There is no corresponding right to take action against a private body nor is it stated that it is unlawful for private body to act contrary to the ECHR. In this sense the ECHR does not have a direct applicability to the Labour Party. Labour is an unincorporated association and as such is a wholly private body.
To complicate things a little however at s.3 of the HRA its states:
- So far as it is possible to do so, primary legislation and subordinate legislation must be read and given effect in a way which is compatible with the Convention rights.
There is no distinction between public and private in this section, so it does apply to the Labour Party. What it doesn’t do is create a direct enforceable right. You can’t in my view claim e.g. Art 10 (Freedom of Expression) applies directly but if Labour is interpreting other legislation (e.g. Equality Act 2010) it is legally obliged to do so in such a way as to be compatible with the ECHR. In this way ECHR rights can be claimed against Labour, but you have to have another legislative right to hang it onto. To complicate things a bit more. This requirement in the HRA at s.3 is extended in regard to the Courts by s.2, Interpretation of Convention rights.
The effect of these provisions are that any Court or Tribunal is required to interpret and apply any domestic legal provisions (including the common law) in a manner that is compatible with the ECHR. This applies to legal disputes involving public bodies, or private bodies. It would still apply in a dispute between two solely private bodies.

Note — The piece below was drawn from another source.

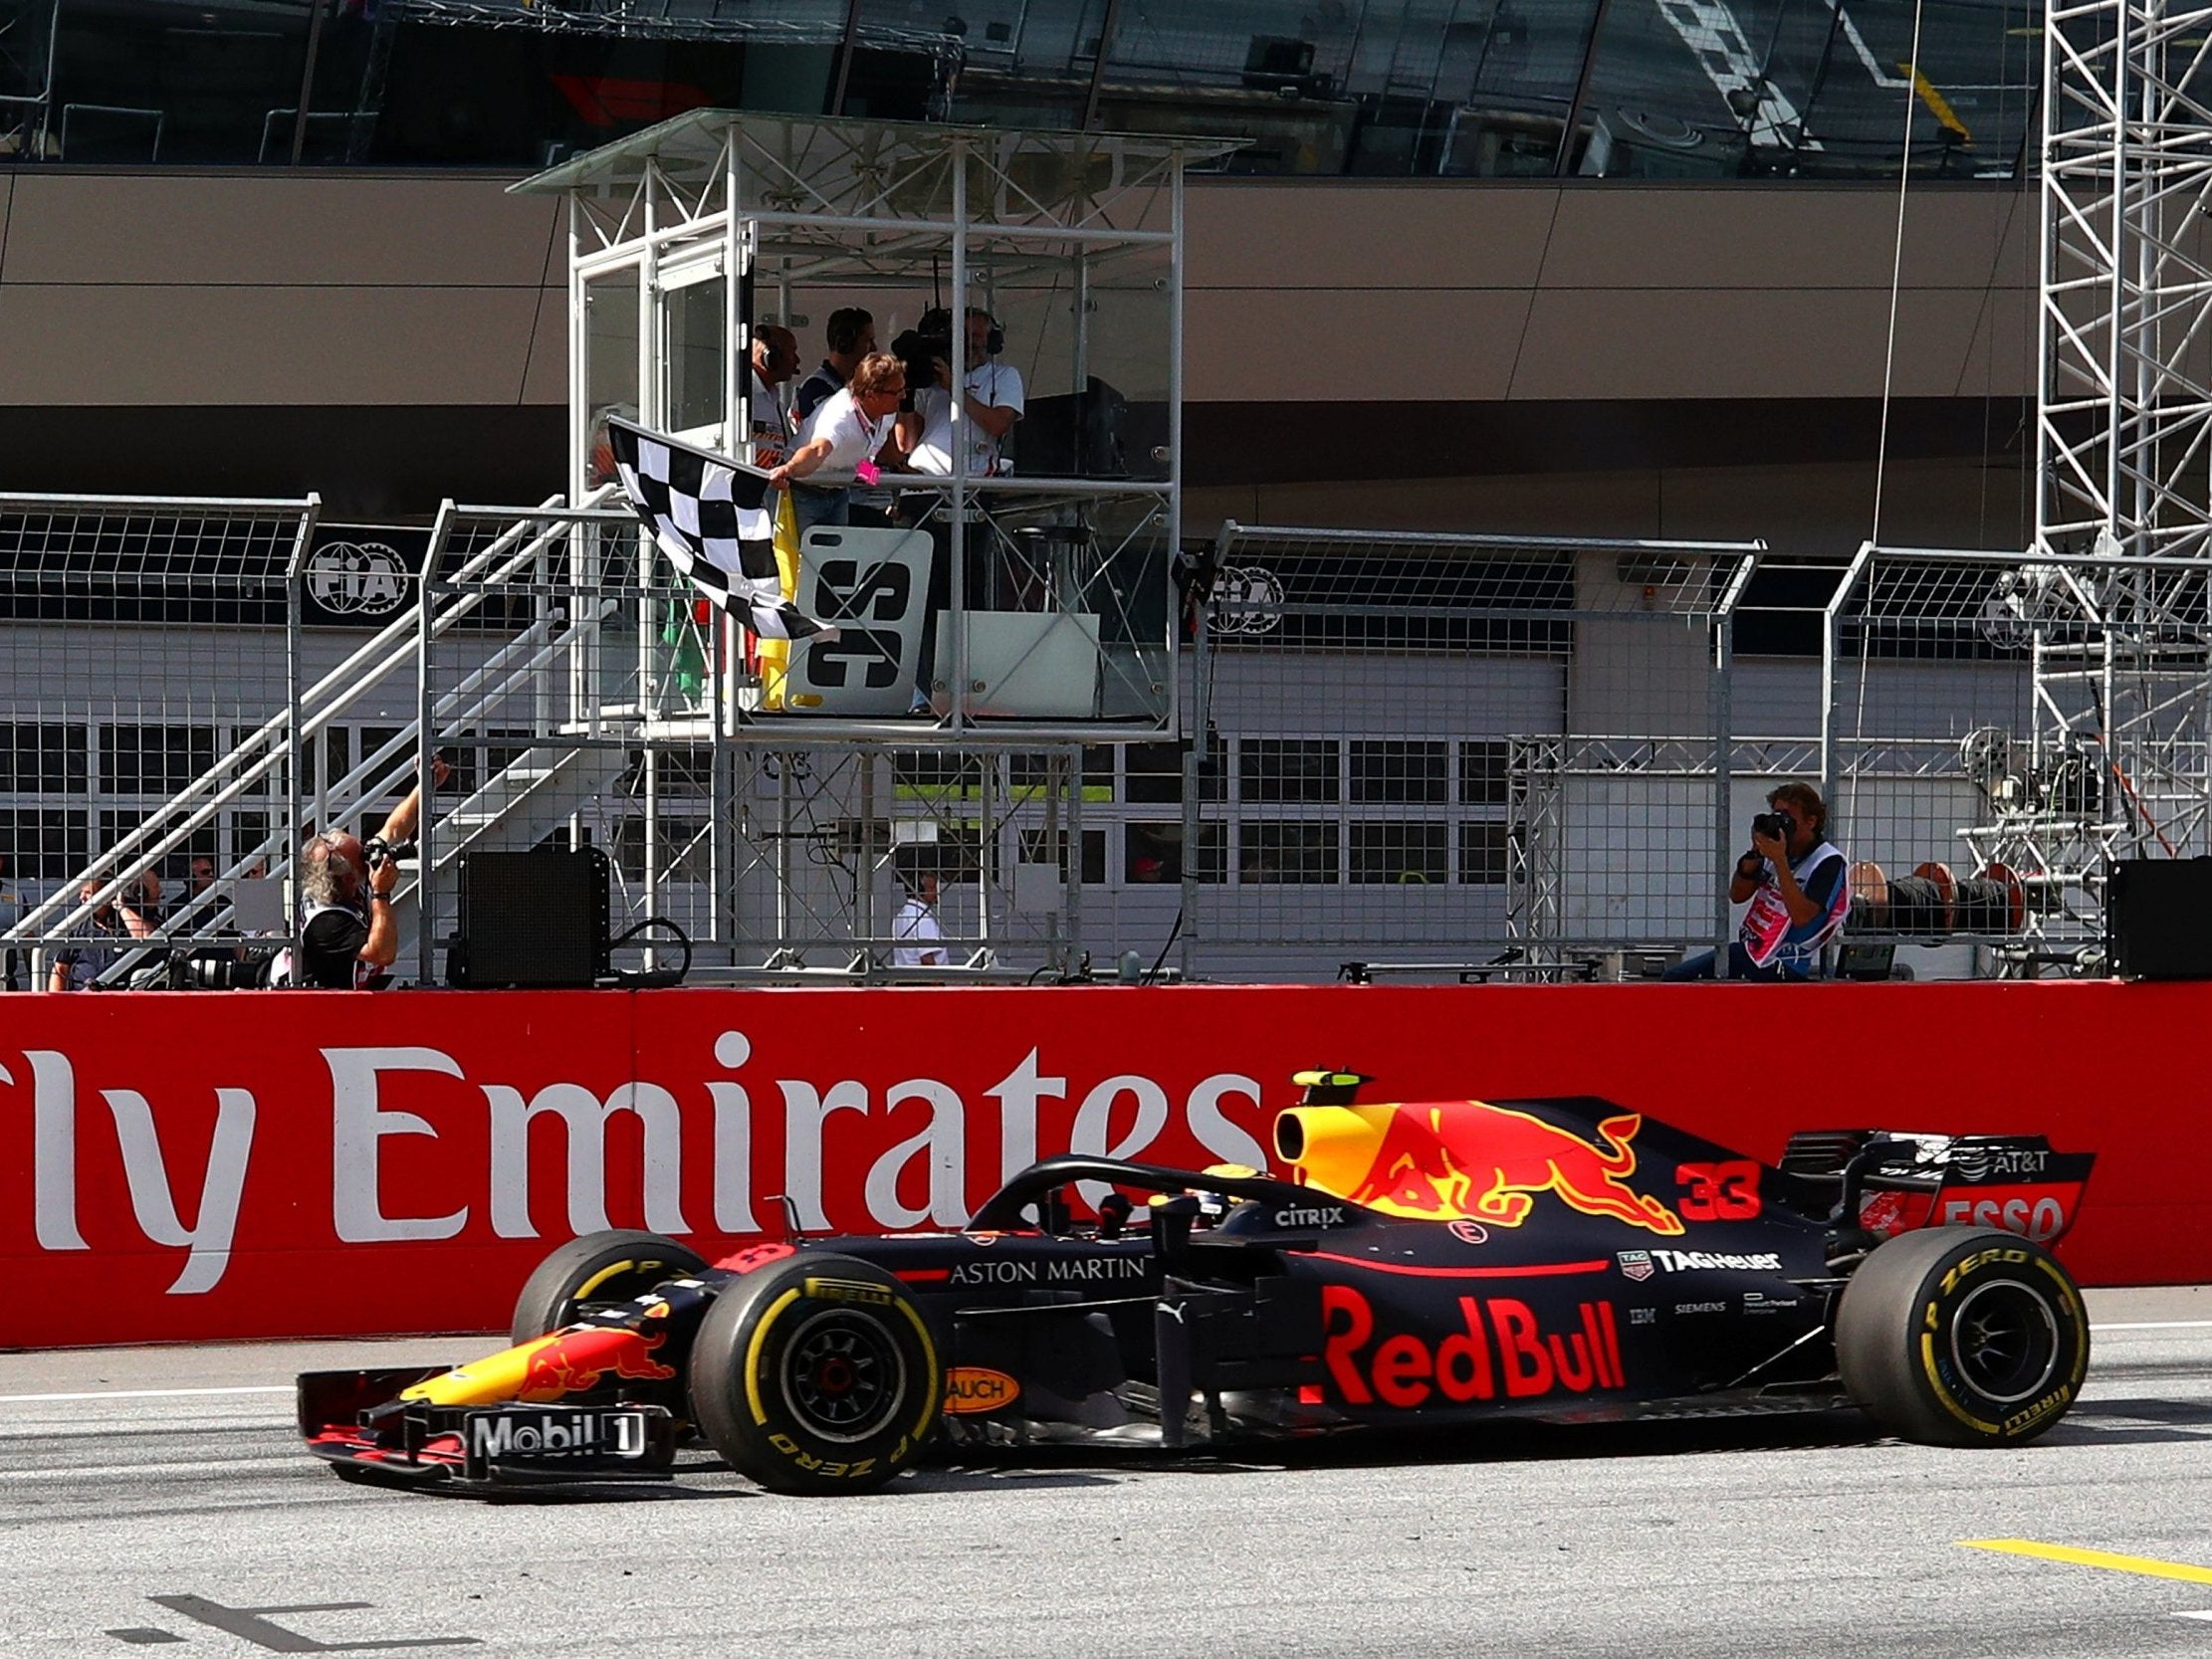 Verstappen takes victory in the Austrian Grand Prix to give Red Bull a home win
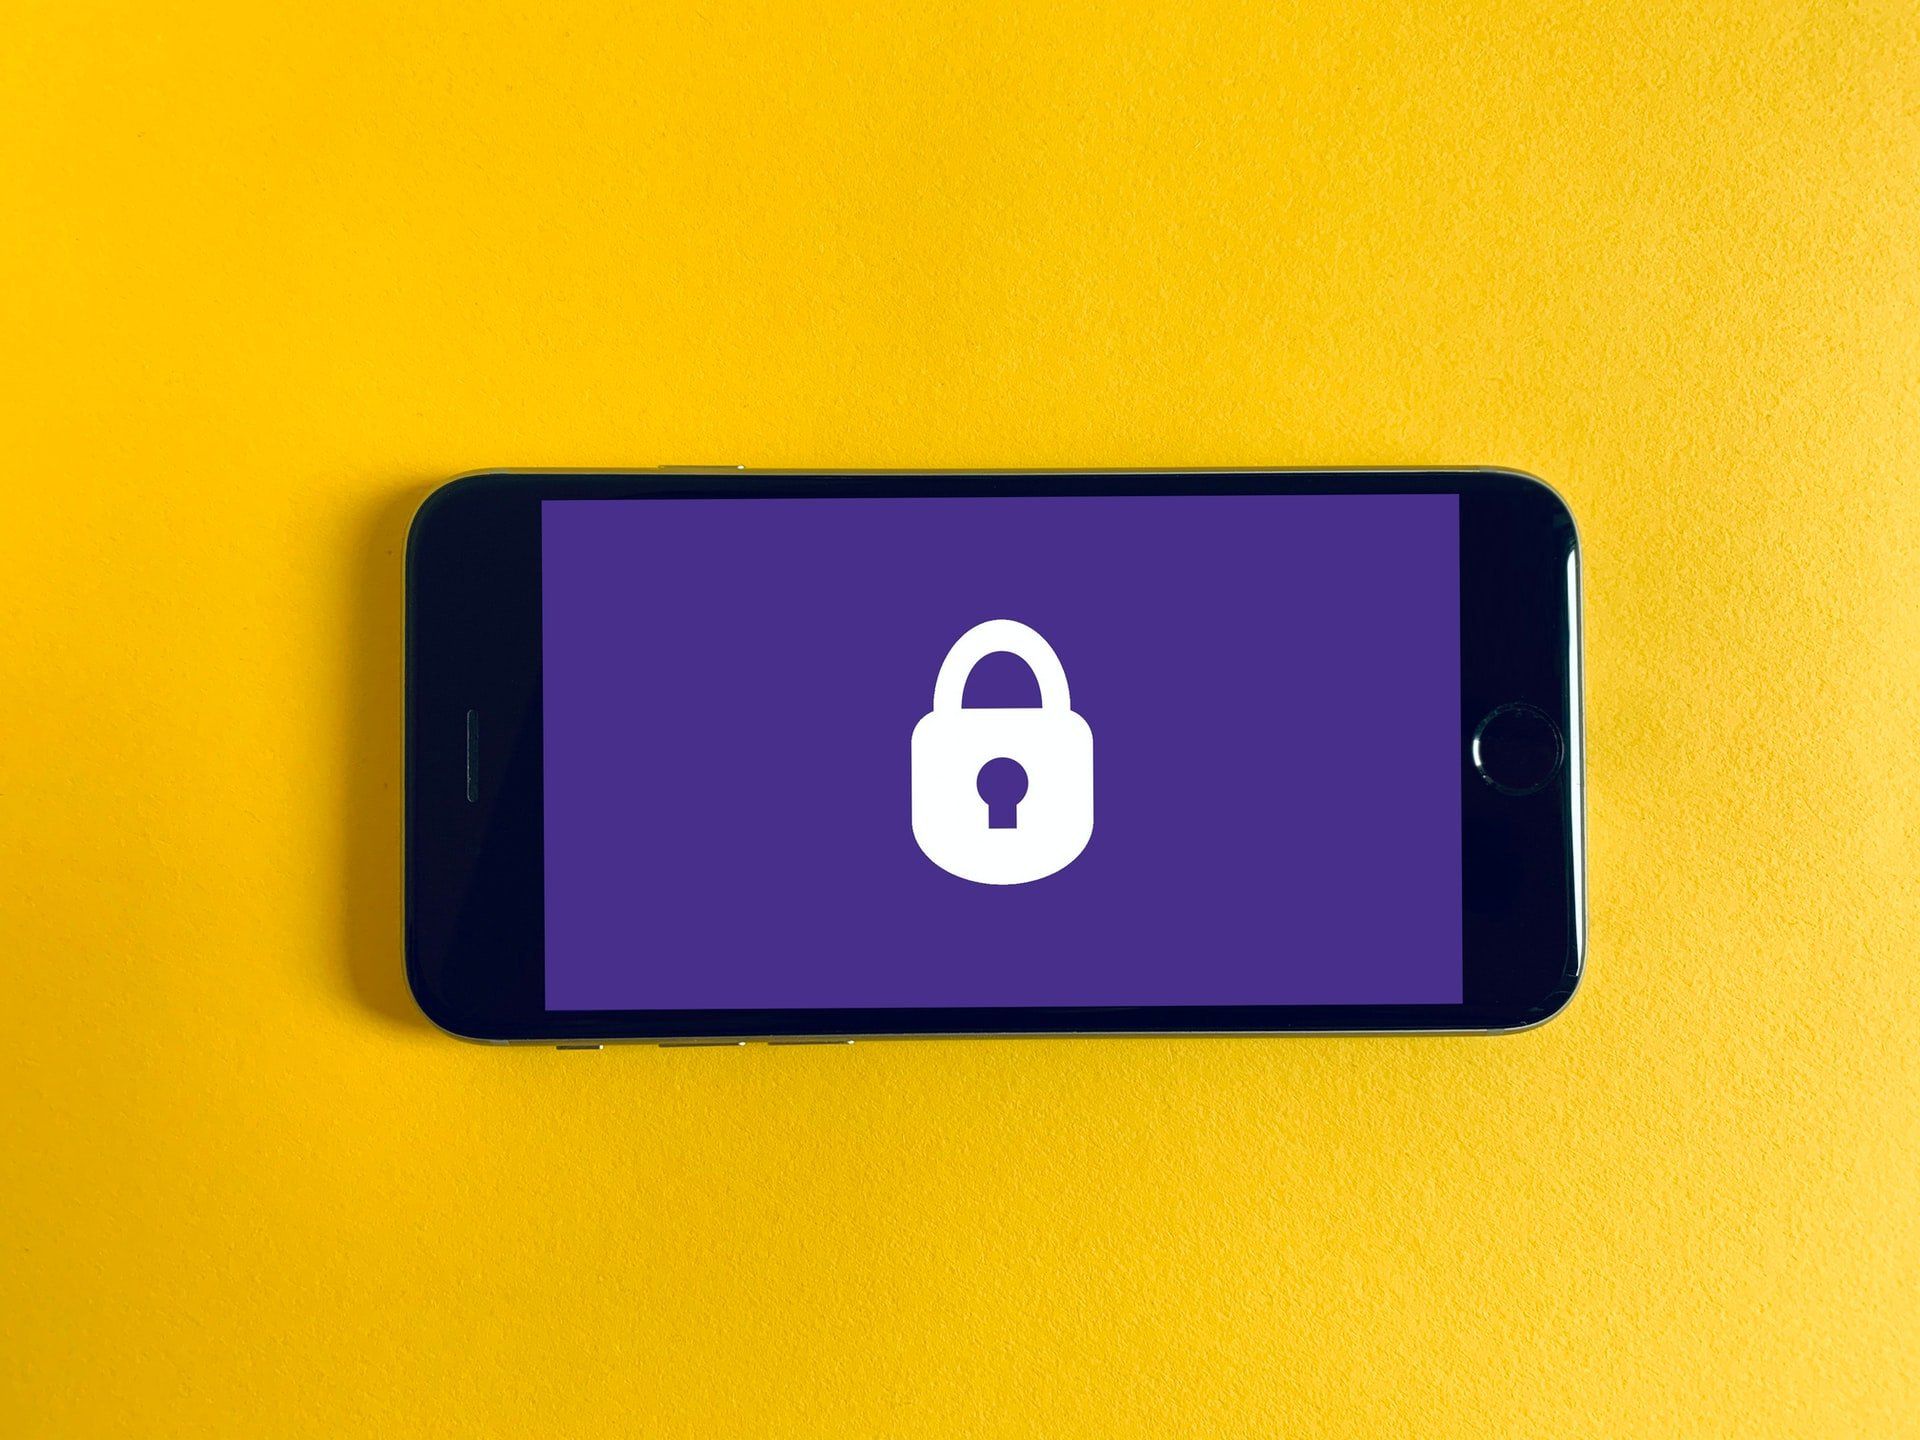 Image of mobile phone with a padlock screen

As Labour is an unincorporated association the nature of the member to member relationship is one of contract. The rules represent the terms of that contract. If the interpretation of the rules (contract) is challenged in Court then the Court has a legal requirement under s.2 and s.3 of the HRA to interpret and apply those rules (contract terms) in a manner compatible with the ECHR. I have not come across anyone making this argument in any cases against Labour previously but in my view it is a correct interpretation of the HRA.
The claim by the Equalities and Human Rights Commission (EHRC) that Art 10 protects members is overly simplistic. The application of the ECHR vs the Commission (EHRC) is direct because as a public body the EHRC is subject to the HRA under s.6. and s.7. The Labour Party is not though. In this way I don’t see the Art 10 protection being directly applicable in Labour. However I do think that if e.g. rule 2.I.8/9 were challenged in Court on some basis then an additional argument can be made to the Court that if 2.I.8 is interpreted in line with Art 10 it is overly restrictive and is incompatible with the rights contained in Art 10 and thus the Court would be required to construe the contractual term more narrowly in order to protect the rights of members re Art 10.
This is more complex and is why Dave Levy is right about putting the ECHR directly in the Party Rules. I think Dave and I discussed this 3-4 years ago and both suggested it to CLPD, but it never went anywhere.